Tragiczne informacje z Ukrainy. Nie żyje kolejny polski ochotnik

Mateusz Przyborowski
25 marca 2023, 18:14 • 1 minuta czytania
W sobotę rano w szpitalu w Dnipro zmarł ciężko ranny polski ochotnik. "To tragiczny tydzień – łącznie zginęło 3 naszych rodaków walczących po stronie" – napisał Michał Dworczyk, minister w Kancelarii Premiera.
W szpitalu w Dnipro zmarł kolejny Polak walczący dla Ukrainy Fot. AA / ABACA / Abaca / East News / Zdjęcie poglądowe

"Rano, w szpitalu w Dnipro, zmarł ciężko ranny polski ochotnik. To tragiczny tydzień – łącznie zginęło trzech naszych rodaków walczących po stronie Ukrainy" – poinformował Michał Dworczyk na Twitterze.


W szpitalu w Dnipro zmarł kolejny Polak walczący dla Ukrainy

Jak dodał, Kolejny ciężko ranny ochotnik trafił do Kijowa. "Stan rannego polskiego wolontariusza poprawił się na tyle, że wkrótce przez Lwów trafi do kraju" – poinformował minister.

W piątek Dworczyk informował, że w Ukrainie zginął kolejny żołnierz – obywatel Polski, a dwóch, którzy zostali ranni kilka dni temu, wciąż jest w stanie poważnym. Jak informowaliśmy w naTemat, ochotnik Michał był dowódcą plutonu w Międzynarodowym Legionie Sił Zbrojnych Ukrainy.

O śmierci polskiego ochotnika poinformowała również Fundacja Zakres. "Według kilku wiarygodnych źródeł, na wieczną warte odszedł Michał – żołnierz i dowódca w Bravo. Składamy kondolencje rodzinie i kolegom z oddziału" – napisano.

– Poznałam Michała podczas jednego z pobytów w Charkowie. Wywarł na mnie ogromne wrażenie. Gdy mówił przy stole, wszyscy go słuchali.
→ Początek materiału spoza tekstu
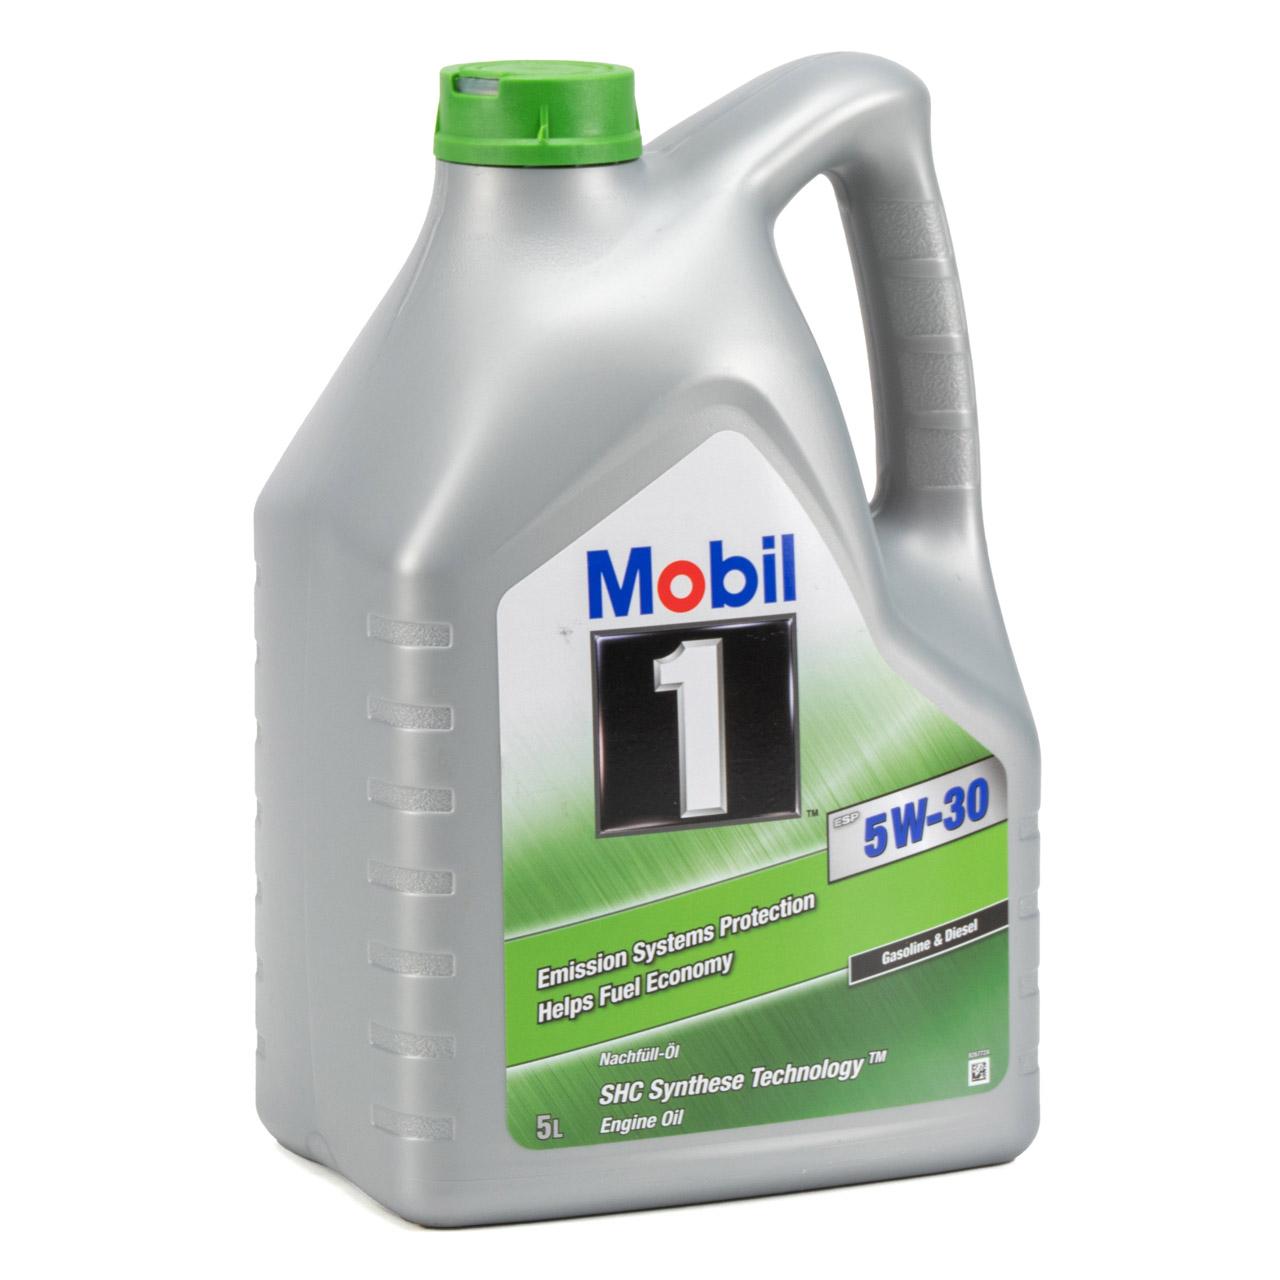 Mobil 1 ESP Motoröl Öl 5W-30 5W30 dexos2 PORSCHE C30 VW 504.00/507.00 - 5 Liter

Pamiętam, jak mój umysł wchłaniał każde jego słowo, kiedy dzielił się opowieściami z frontu – wspominała polskiego ochotnika reporterka naTemat Katarzyna Rochowicz.

– Zastanawiałam się, skąd taki drobny chłopak ma w sobie tyle siły, odwagi i talentu. Pamiętam, że mówił, że może do kwietnia i może zrezygnuje. Pamiętam jak dziś, jak ściskałam jego rękę na pożegnanie i pomyślałam: "Boże błagam, uchowaj go" – dodała.

Kilka dni temu również informowaliśmy o Polaku, który zginął z rąk Rosjan. Paweł S. walczył w Ukrainie jako polski ochotnik, zmarł 20 marca.

– Przyszedł oficer, zapytał, czy możemy iść z nim. (...) Jutro, pojutrze może nas nie być – powiedział zmarły Polak na jednym z ostatnich nagrań.